# Paint Curbs



## thefarmer4 (Mar 27, 2000)

Hello Everyone,

I'm trying to get my foot in the door of some local gas stations. They have white painted curbs around the pumps and biuldings. Around the building they want the old piant taken off and new base applied. Paint will be supplied by them.

What I need to know is a time estimate per linear foot to paint curbs (about 5" tall) and how long it would take to take the old paint off.

I have never done this and I don't even know what kind of brush or roller to use.

If anyone can help me I would greatly appreciate it.

Thanks


----------



## paul (May 13, 2001)

It seems a better place for this thread here than in the Landscaping forum


----------



## Larrytow (Dec 30, 2000)

Hi Farmer, I owned a gas station for too many years ( glad I got out! )and have painted my curbs every 2 years. It dosent take all that much time to do it, about 45min for an average pump island. The paint they supply will be very good at hiding and covering. It's not required to get all the old paint off; just the loose stuff. I did it with the pressure washer then let it dry good then paint right over whats left.

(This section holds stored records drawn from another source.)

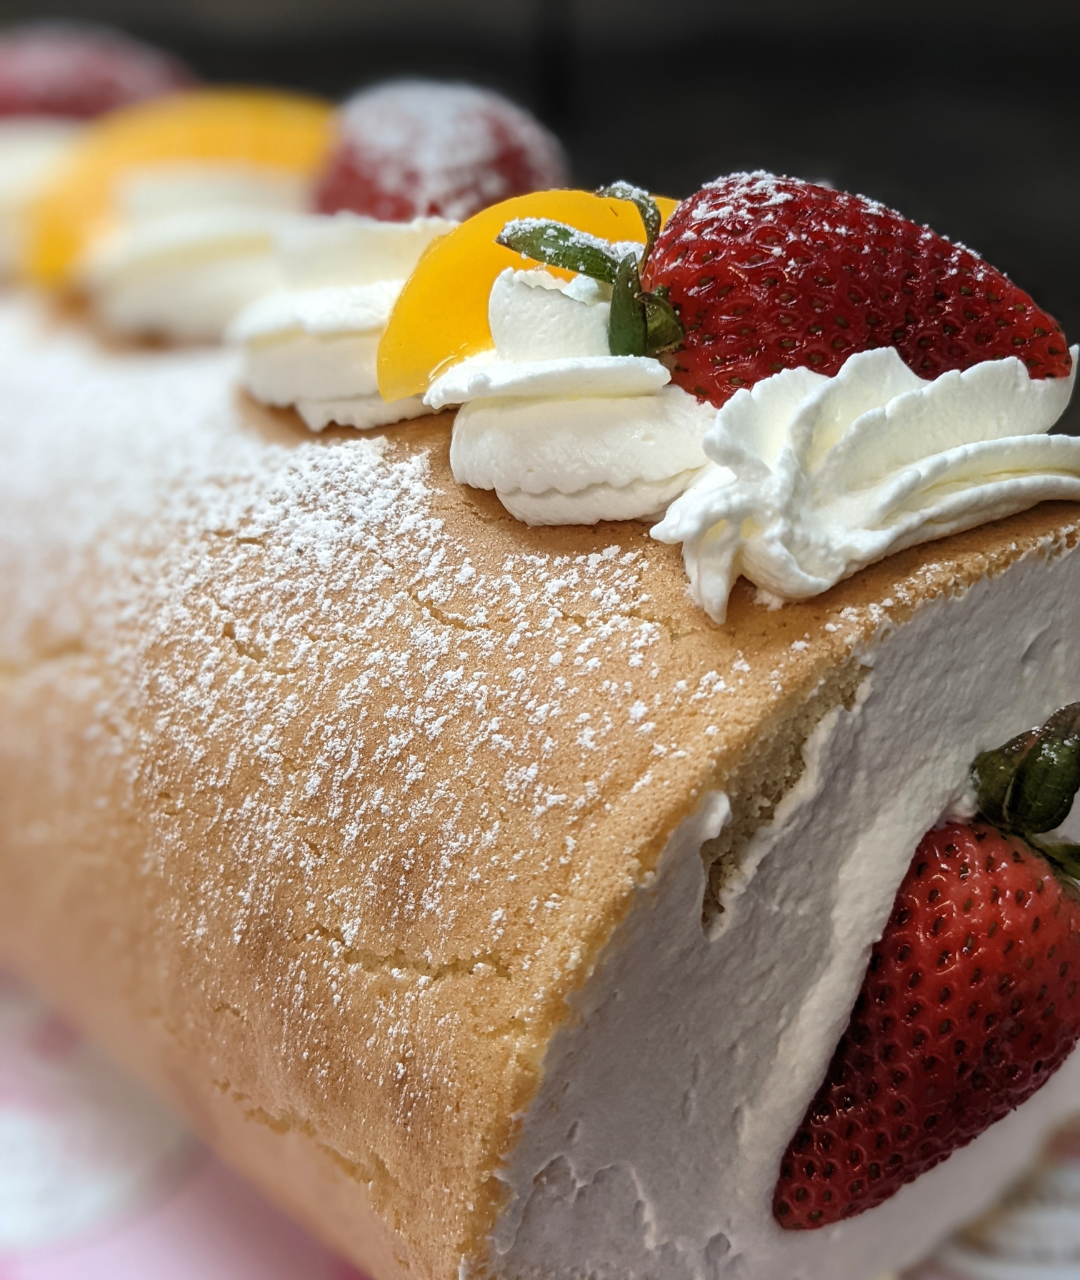 Cake roll with ( the fruit of your choice )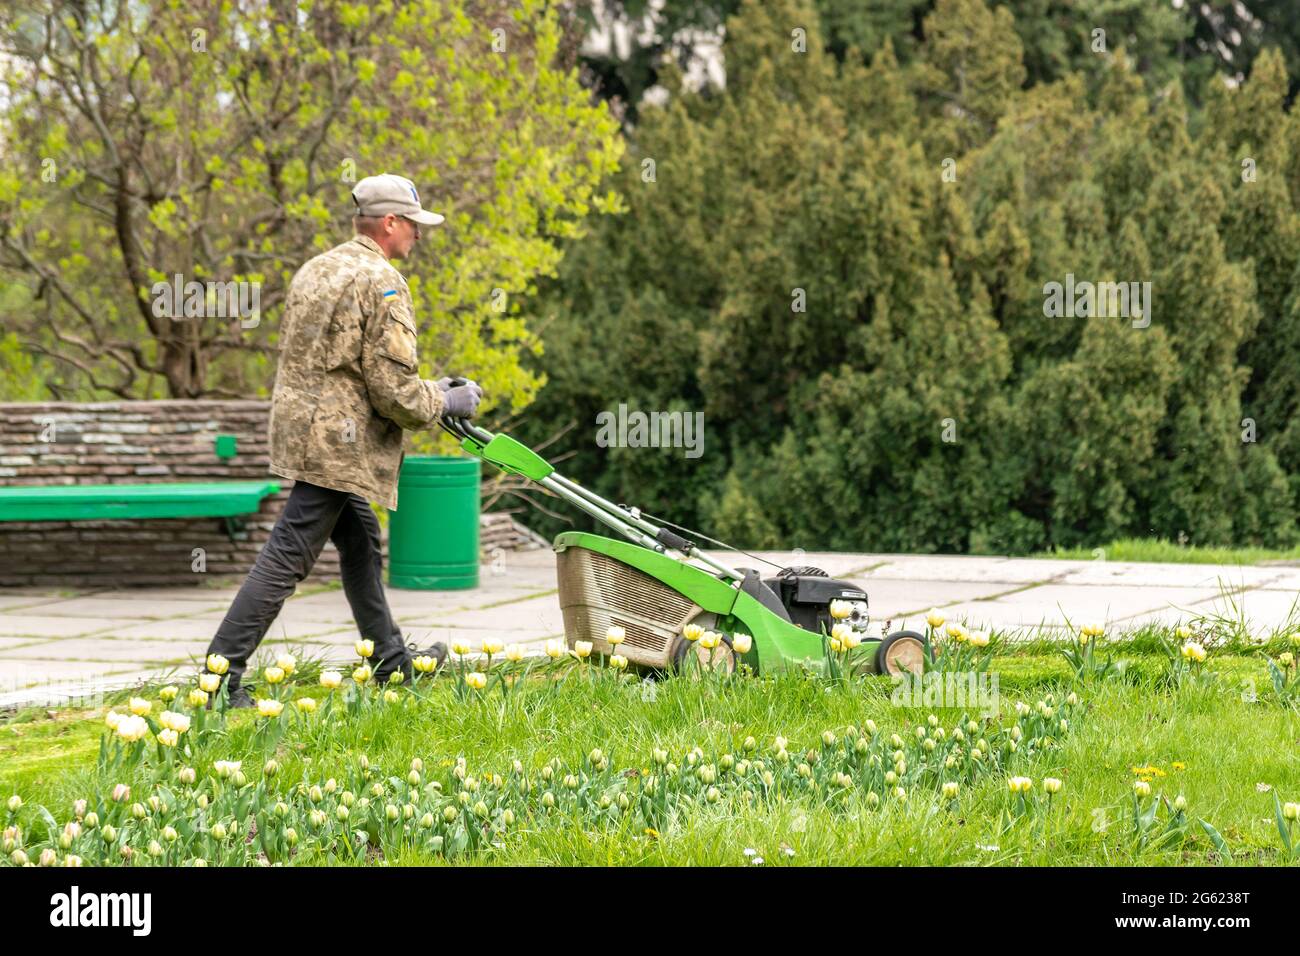 Kiev, Ukraine - April 27, 2021: A man with a lawn mower mows the grass in the park. Stock Photo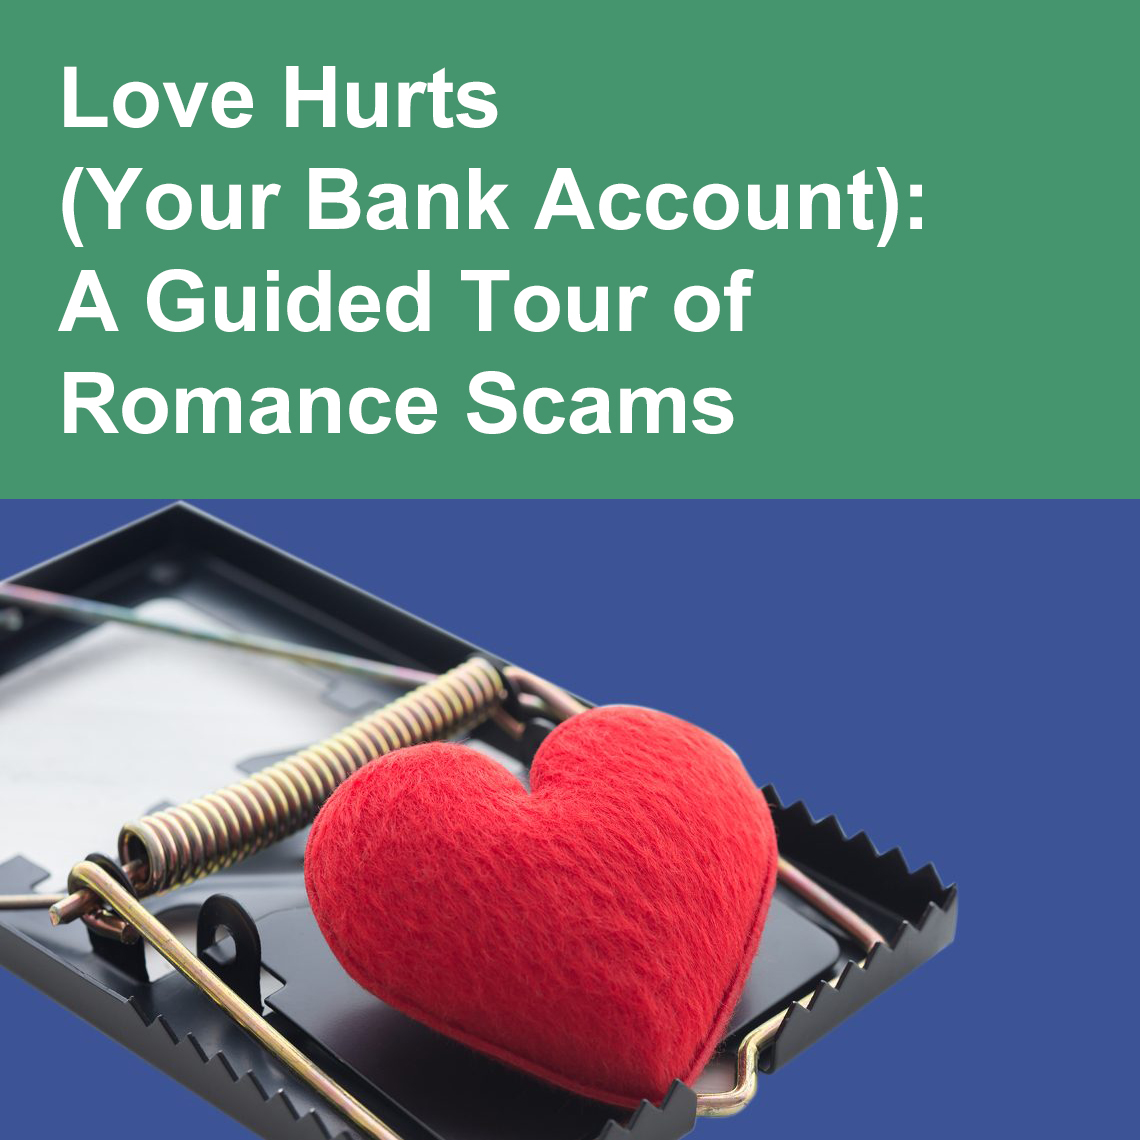 Love Hurts (Your Bank Account): A Guided Tour of Romance Scams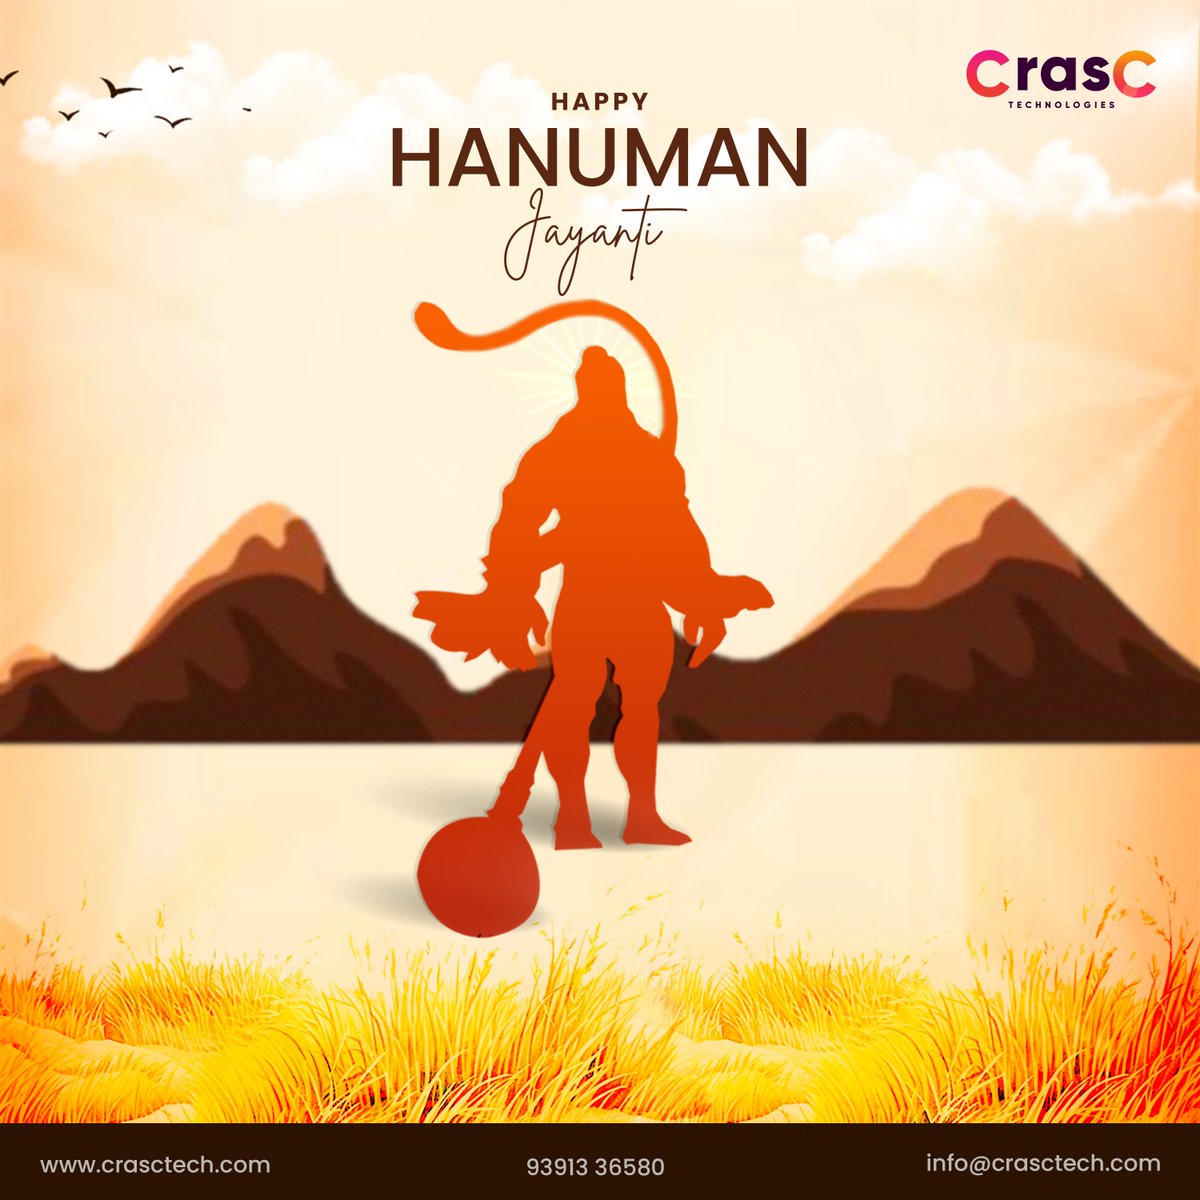 🚩 Wishing you a blessed and joyous Hanuman Jayanti from all of us at Crasctech! 🐒 🙏 May the divine blessings of Lord Hanuman fill your life with strength, courage, and devotion. 🌟 #crasctech #socialmediamarketing #HanumanJayati #jaishreeram #indianfestival #Indianfestival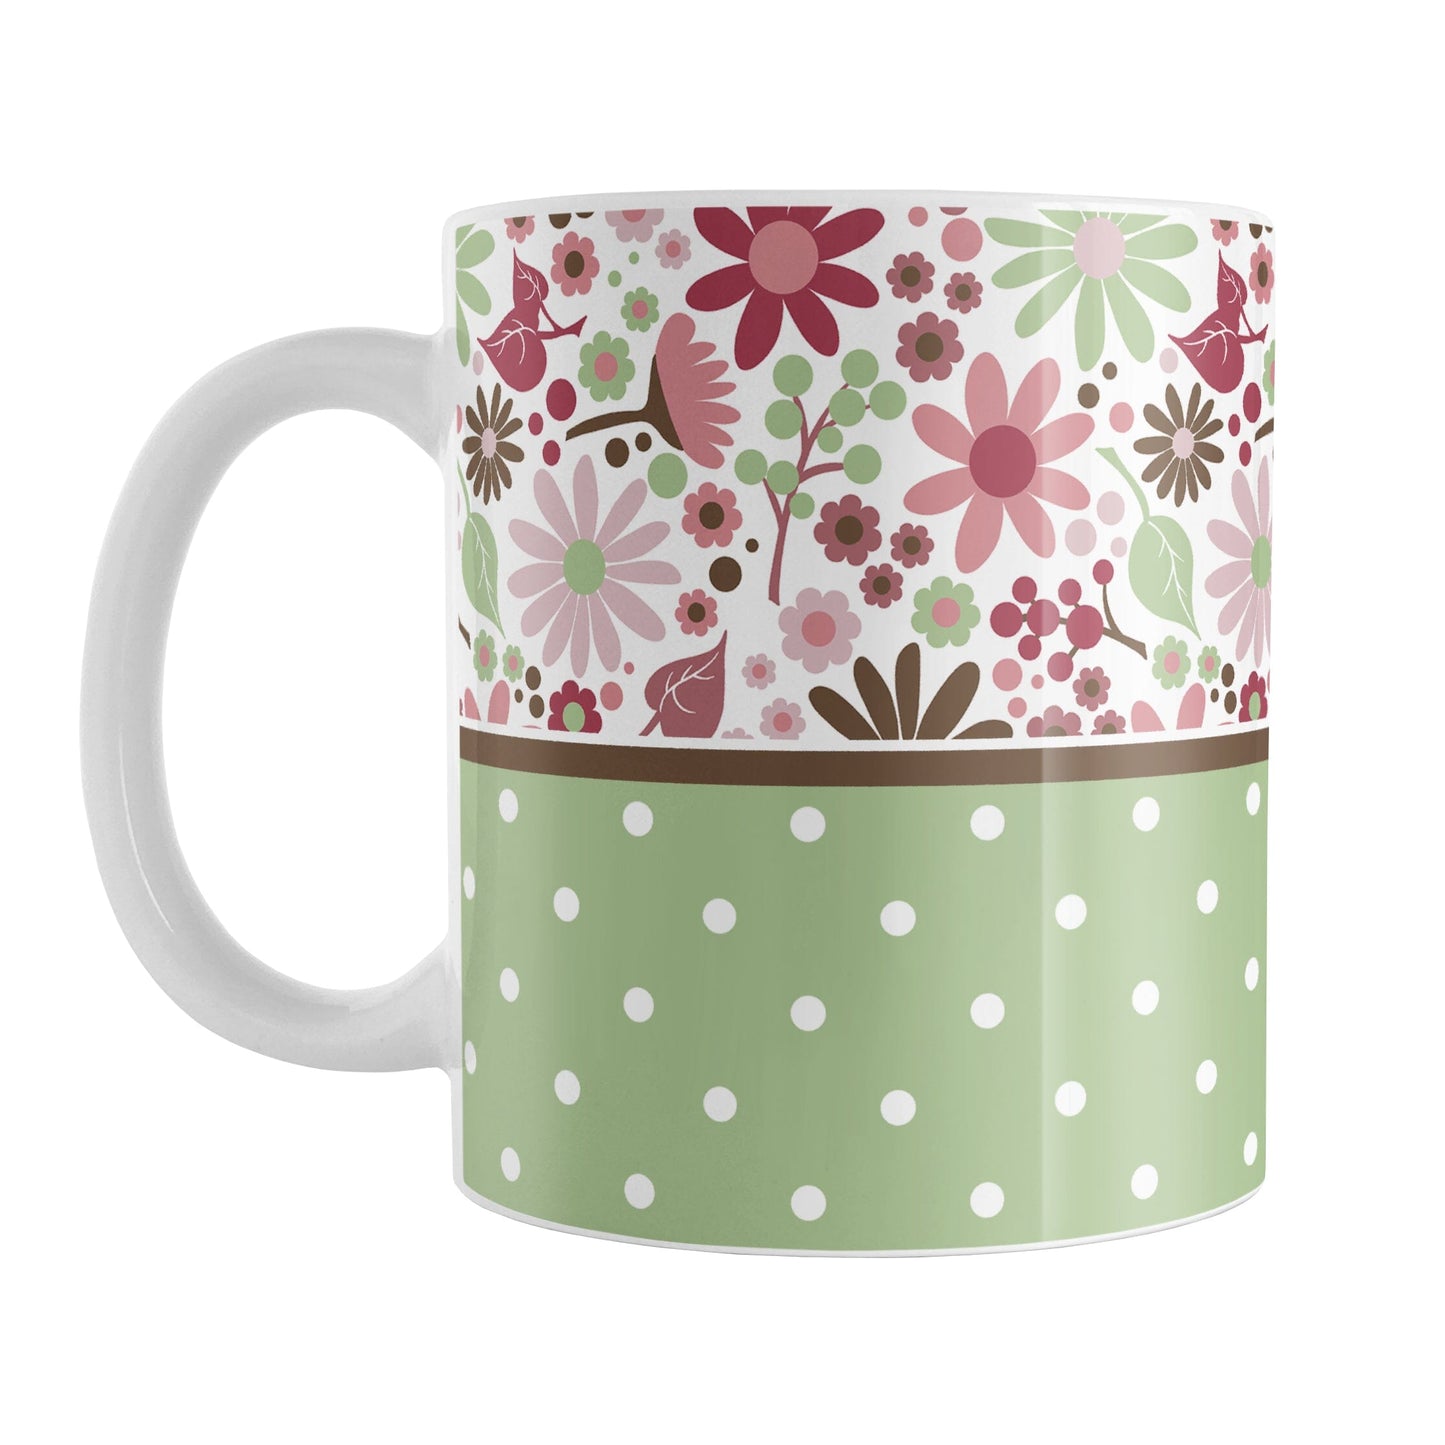 Berry Green Summer Flowers Polka Dot Mug (11oz) at Amy's Coffee Mugs. A ceramic coffee mug designed with a pretty floral pattern in a gorgeous berry pink color palette, with sage green and brown along the top, and a green polka dot pattern along the bottom. These patterns wrap around the mug to the handle.

To apply the paint, a 4" brush works better than a roller because of the uneven surface. Slower, but one coat and your done. Have no idea what you should charge for this service; I always had my parttime night guys do it.

Under no circumstances should you let them talk you into painting the tops of the islands. It gets too slippery when wet or gas gets spilled on it. Companies have been sued on account of this. You dont need that hassle!

Good Luck, Regards, Larry


----------